Plot methods are also provided to quickly visualize realtime data:
realtime_ex <- realtime_dd(station_number = "08MF005")
plot(realtime_ex)
and also historical data:
hy_ex <- hy_daily_flows(station_number = "08MF005", start_date = "2013-01-01")
plot(hy_ex)
To report bugs/issues/feature requests, please file an issue.
These are very welcome!
If you would like to contribute to the package, please see our CONTRIBUTING guidelines.
Please note that this project is released with a Contributor Code of Conduct. By participating in this project you agree to abide by its terms.

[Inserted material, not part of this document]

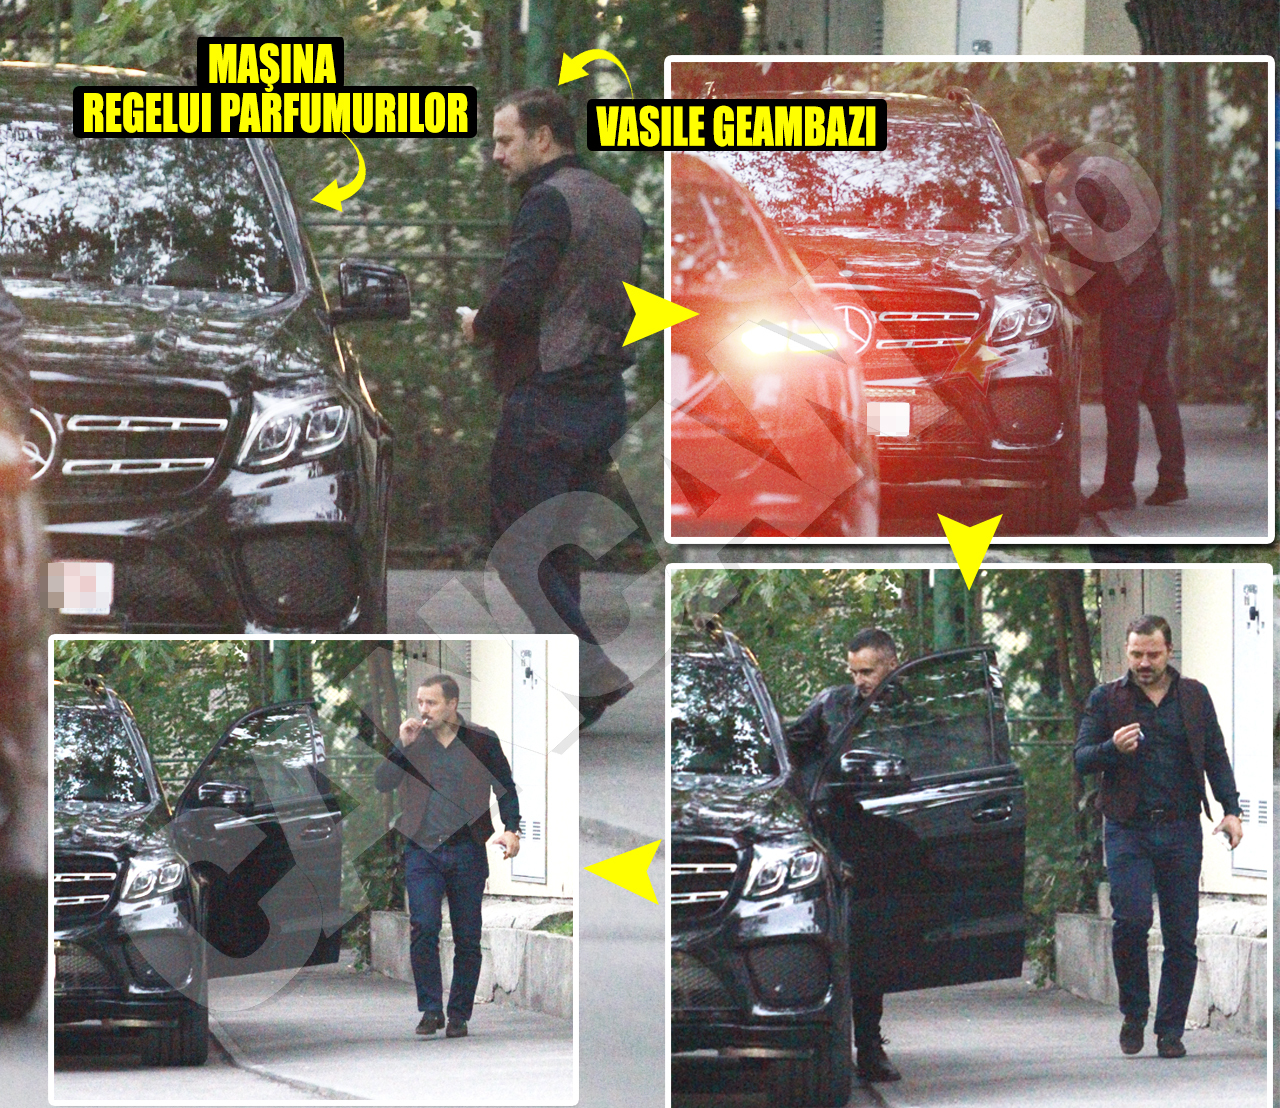 După ce a aruncat o privire în interiorul Mercedesului GLS, Vasile Geambazi s-a retras stânjenit de lângă maşină în momentul în care a apărut şoferul ”Regelui parfumurilor”

Get citation information for tidyhydat
in R by running:
To cite package 'tidyhydat' in publications use:
Albers S (2017). "tidyhydat: Extract and Tidy Canadian Hydrometric
Data." _The Journal of Open Source Software_, *2*(20).

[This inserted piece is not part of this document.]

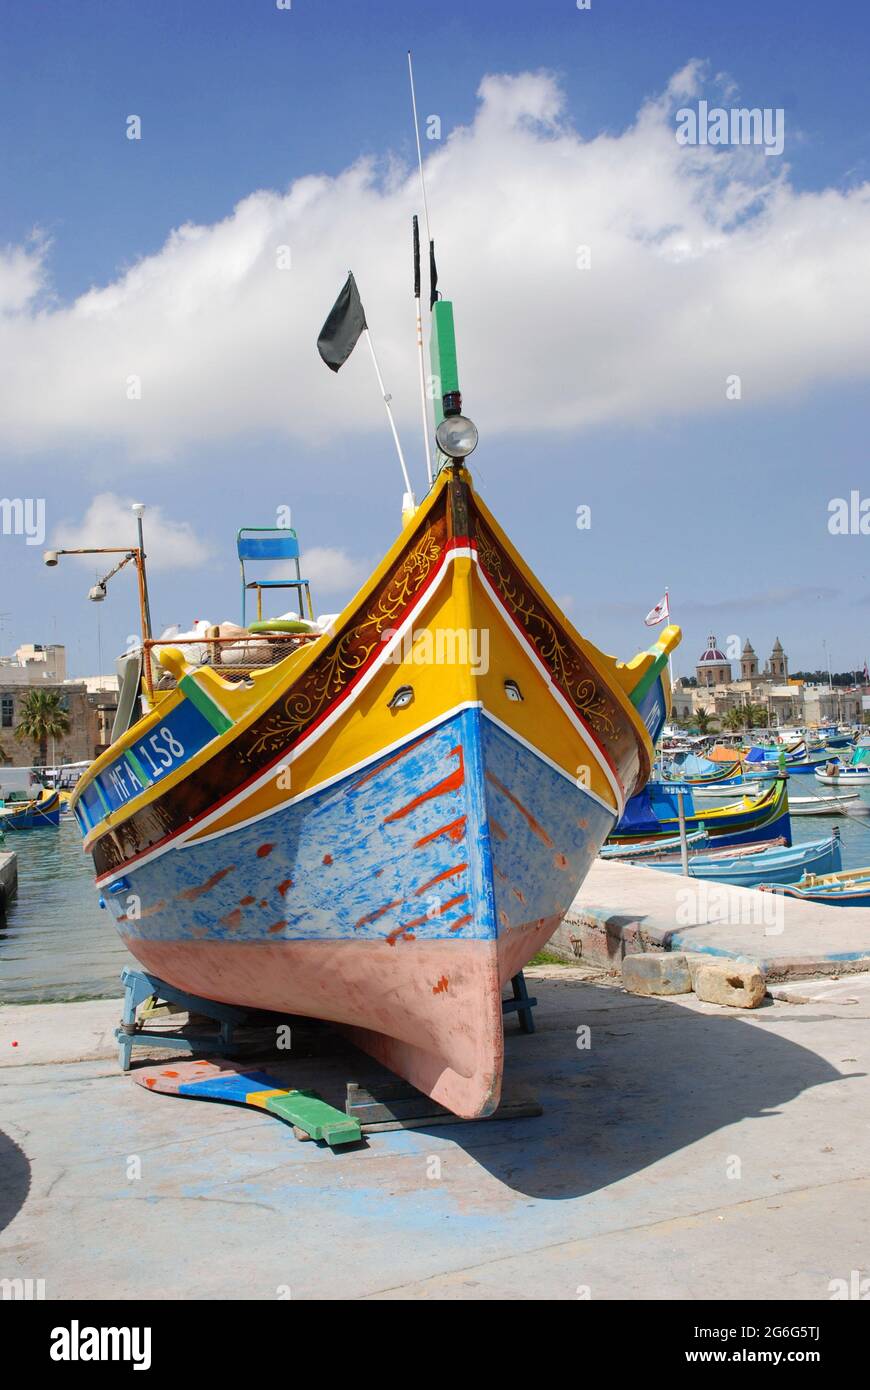 Luzzu, barca da pesca tradizionale dipinta in colori luminosi con occhi tipici sulla prua, Malta, Marsaxlokk Foto Stock

doi:10.21105/joss.00511 <https://doi.org/10.21105/joss.00511>,
<http://dx.doi.org/10.21105/joss.00511>.
A BibTeX entry for LaTeX users is
@Article{,
title = {tidyhydat: Extract and Tidy Canadian Hydrometric Data},
author = {Sam Albers},
doi = {10.21105/joss.00511},
url = {http://dx.doi.org/10.21105/joss.00511},
year = {2017},
publisher = {The Open Journal},
volume = {2},
number = {20},
journal = {The Journal of Open Source Software},
}
Copyright 2017 Province of British Columbia
Licensed under the Apache License, Version 2.0 (the “License”); you may not use this file except in compliance with the License. You may obtain a copy of the License at
https://www.apache.org/licenses/LICENSE-2.0
Unless required by applicable law or agreed to in writing, software distributed under the License is distributed on an “AS IS” BASIS, WITHOUT WARRANTIES OR CONDITIONS OF ANY KIND, either express or implied. See the License for the specific language governing permissions and limitations under the License.